Мы немедленно потребовали встречи с «одной такой деревенской». Ею оказалась девица неопределенного возраста от четырнадцати до двадцати лет, не очень понятливая. Она охотно прибежала из деревни, чтобы дать нам полный отчет о полутора днях дежурства в директорских владениях. К миссии своей она отнеслась очень ответственно и все запомнила. Визит милиционера, который спрашивал нас, она описала с волнением и даже ужасом, явно удивленная, что известие мы восприняли без этих эмоций. Зато излишек их проявился при описании девицей визита бабы. Оказывается, баба приходила два раза, один вчера, а один сегодня. И очень злилась. Сначала злилась потому, что нас нет, а потом потому, что мы уехали в Щецин.
– Куда? – одновременно воскликнули мы с мамулей.
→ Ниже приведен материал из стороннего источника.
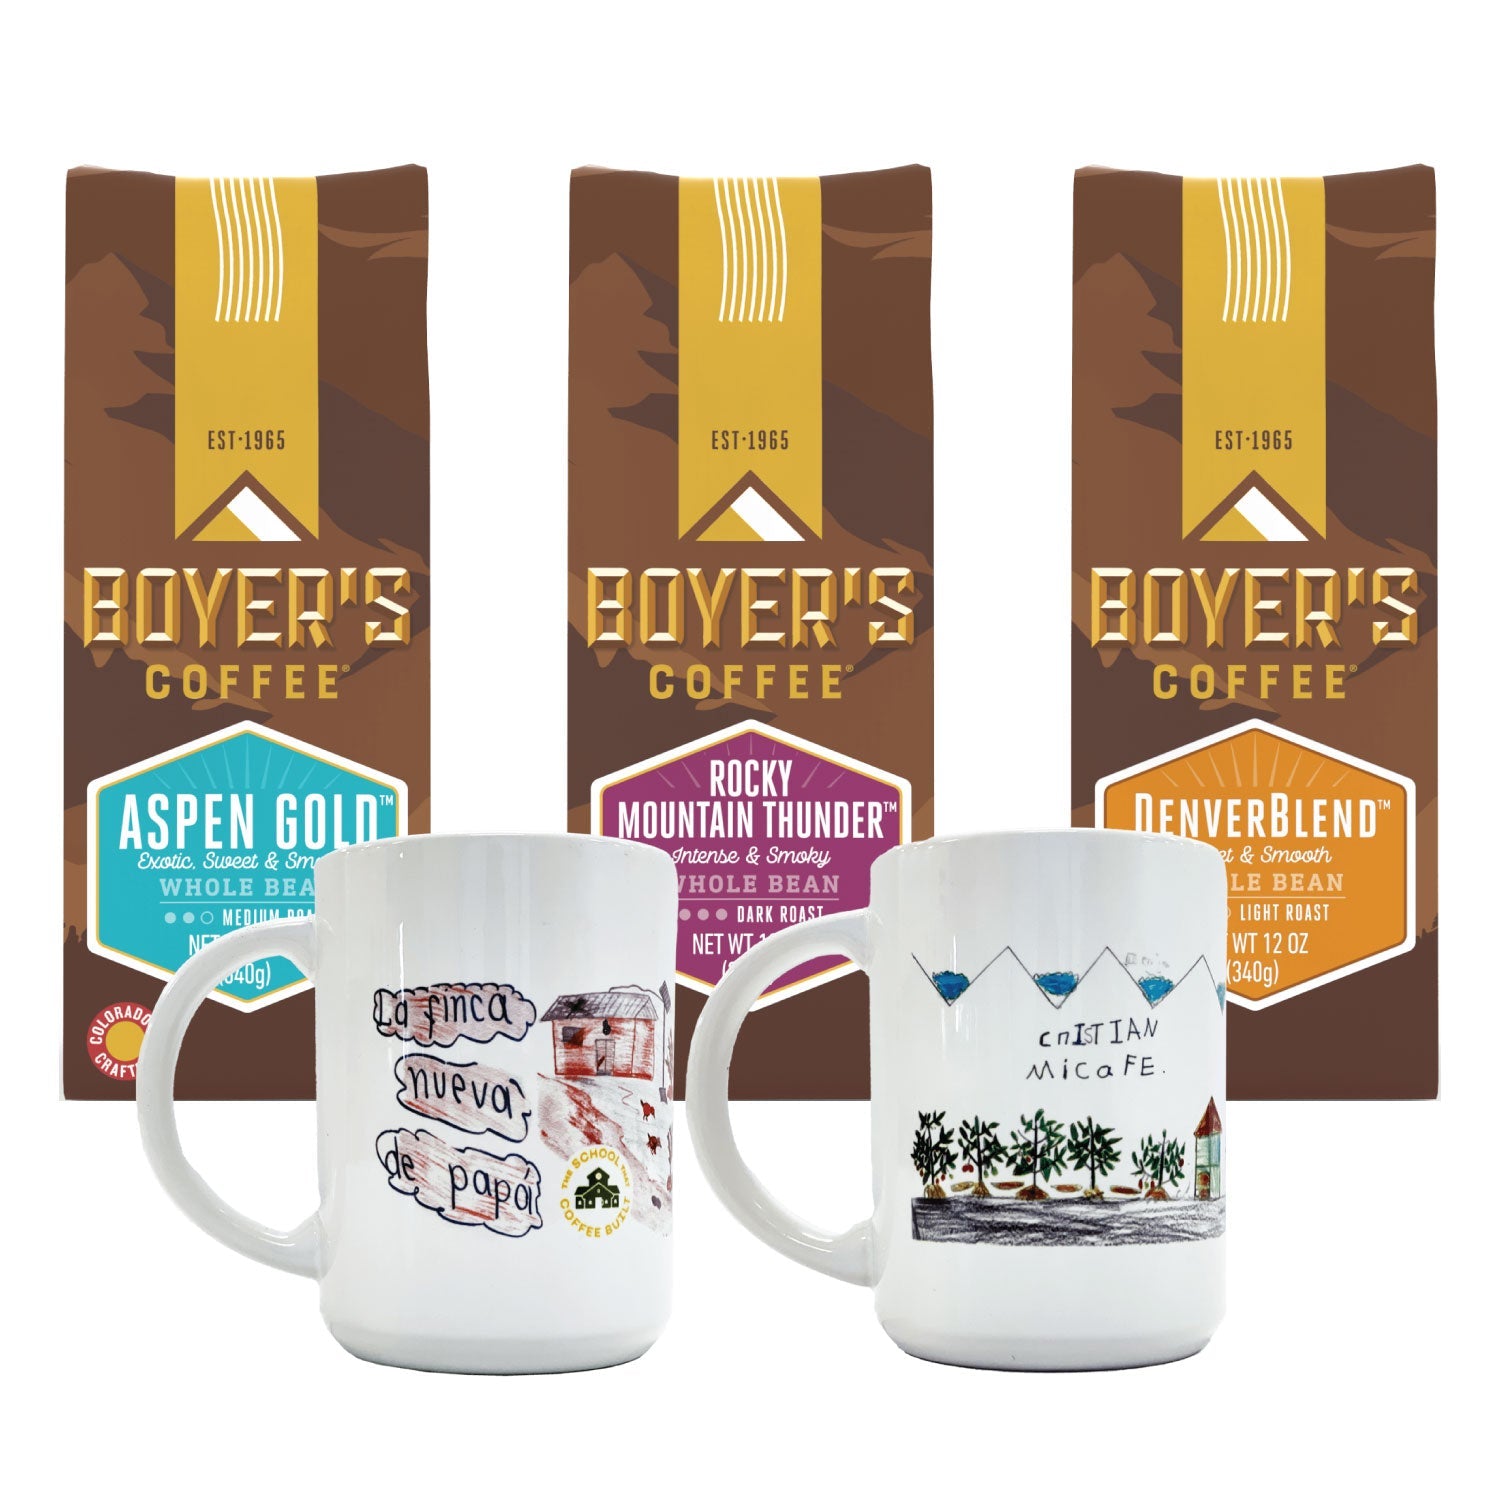 http://www.boyerscoffee.com/cdn/shop/products/boyers-tstcb-mug-set-1-esmerelda.jpg?v=1666032869

– А в Щецин, – безмятежно ответила девица и продолжала рассказ.
Выяснилось, что упомянутая баба выглядела очень странно. На голове не платок, как положено, а прямо-таки тряпка, да еще большие черные очки. В брюки одета и красные туфли...
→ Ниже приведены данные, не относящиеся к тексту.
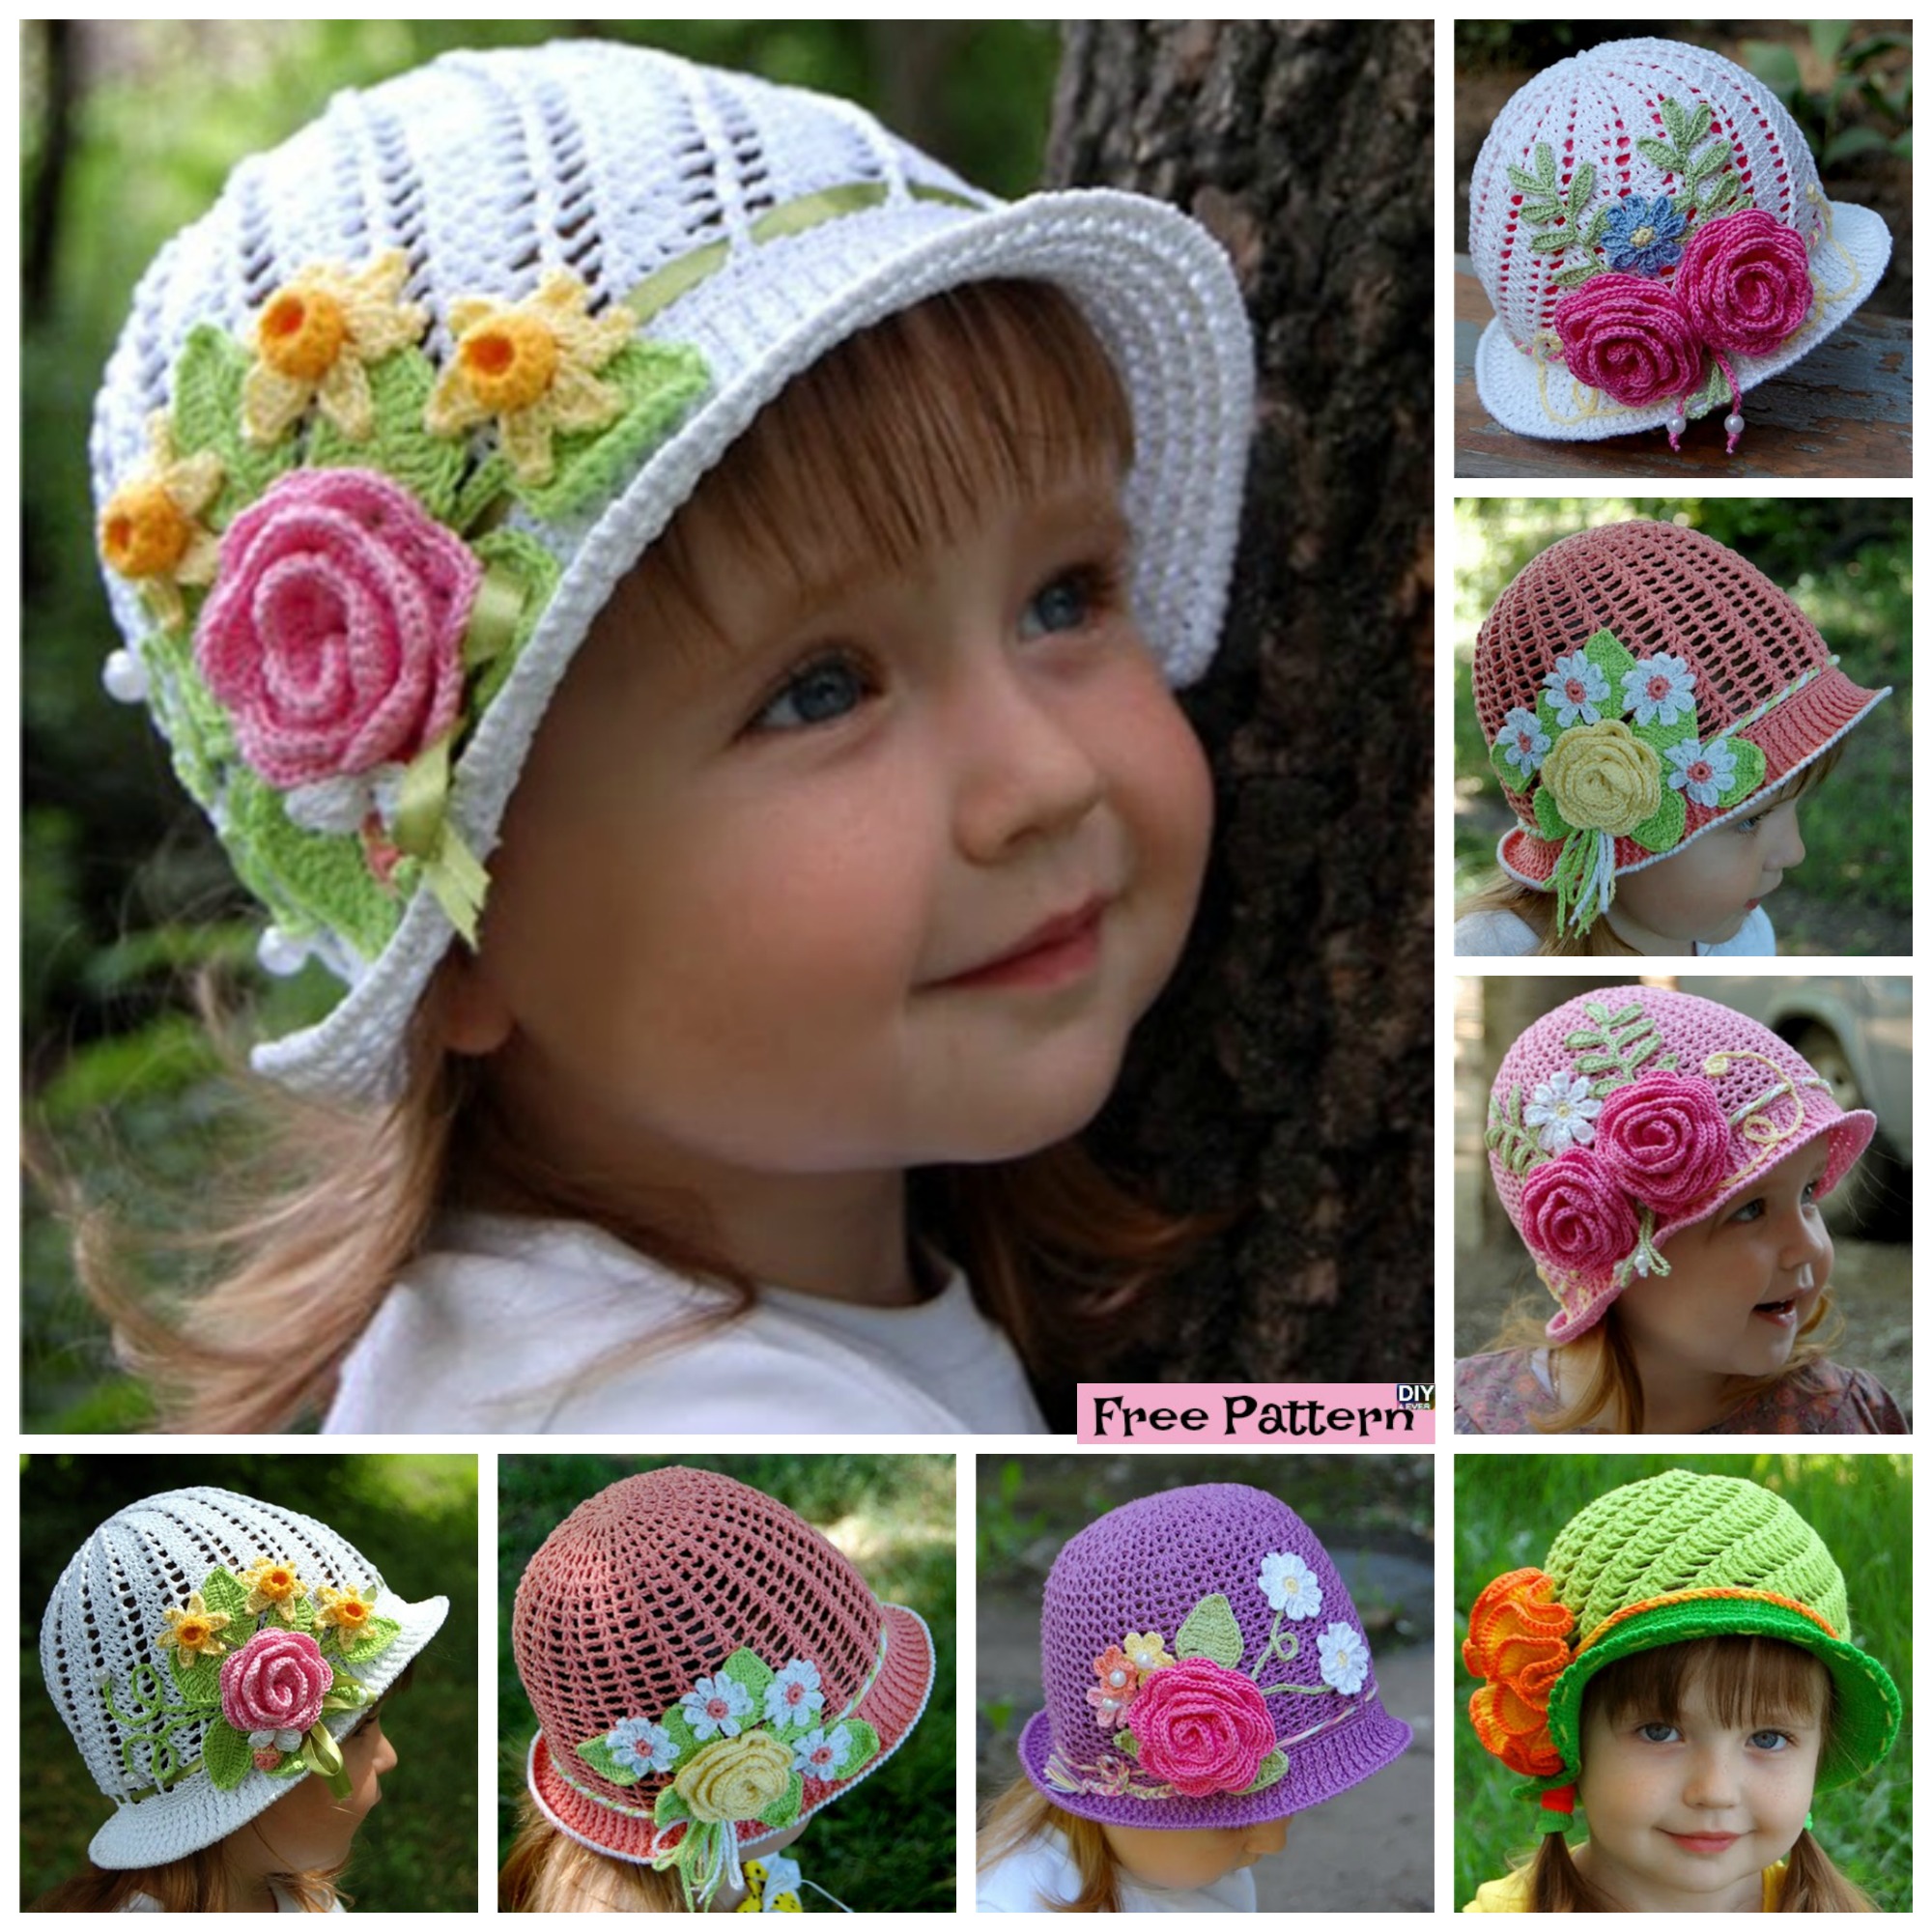 diy4ever -Crochet Flower Sun Hats - Free Pattern

В ответ на это послышался единодушный протяжный стон. Отец тоже стонал, так как рассказывала «одна такая» пронзительным визгливым голосом и отец все расслышал. Мы стали задавать вопросы, чтобы убедиться – это была Тереса. И убедились.
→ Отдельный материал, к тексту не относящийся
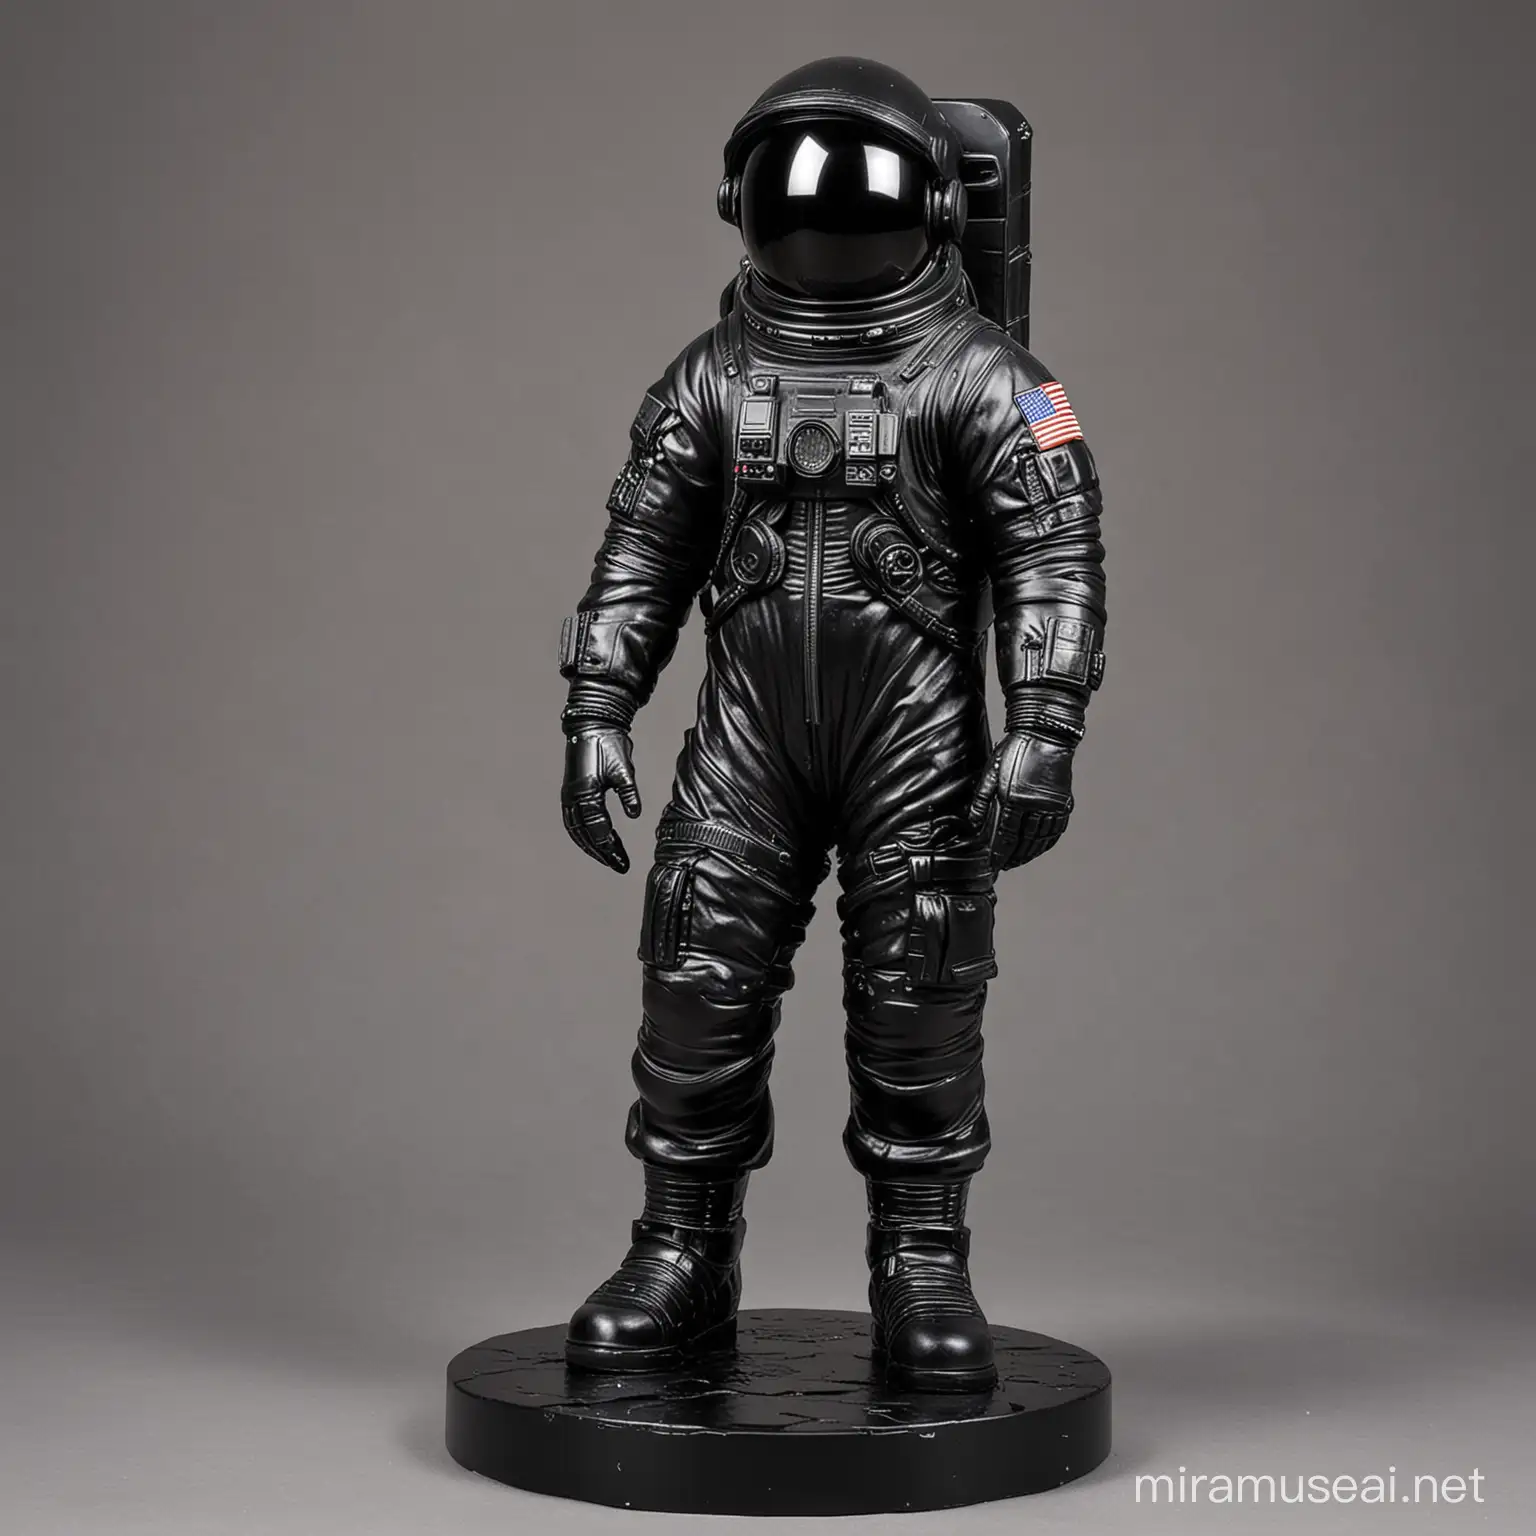 Exploring the Cosmos Astronaut Statue in Black

– И ты, дитя мое, сказала ей, что мы поехали... куда? – голосом хорошо воспитанной каракатицы спросила Люцина.
– Дак я же говорю – в Щецин!
– Так сказала – в Щецин, а не в Чешин?
– Говорю же – в Щецин.
– А надо было говорить – в Чешин!
– Какая разница? – удивилась девица. Географию родного края она знала слабо, это факт. И подумать только, из-за нее мы не встретились с Тересой!
Трудно было пережить такой удар. Немало прошло времени, пока мы оказались в состоянии воспринимать дальнейшую информацию. А она была. Оказывается, два раза нас спрашивал какой-то молодой и два раза – старый. А еще раз баба, большая и толстая, в крупные горохи. Сама в брюках, а блузка в крупные горохи. Какие? Ясно, зеленые! И еще был такой молодой, но не тот, что перед этим приходил два раза. И все очень переживали, что нас нет, а больше всех – баба с тряпкой вместо платка, та прямо из себя выходила.
– И тоже на разные лады бубнила – Щецин, Чешин, или как их там, – неодобрительно поведала девица, явно недовольная нашей дикцией.
– Одна надежда – Тереса догадалась, что речь идет не о Щецине, а о Чешине, – попыталась успокоить нас Люцина, когда, закончив нервотрепный разговор с девицей и смыв с себя остатки болотной грязи, мы сели за ужин.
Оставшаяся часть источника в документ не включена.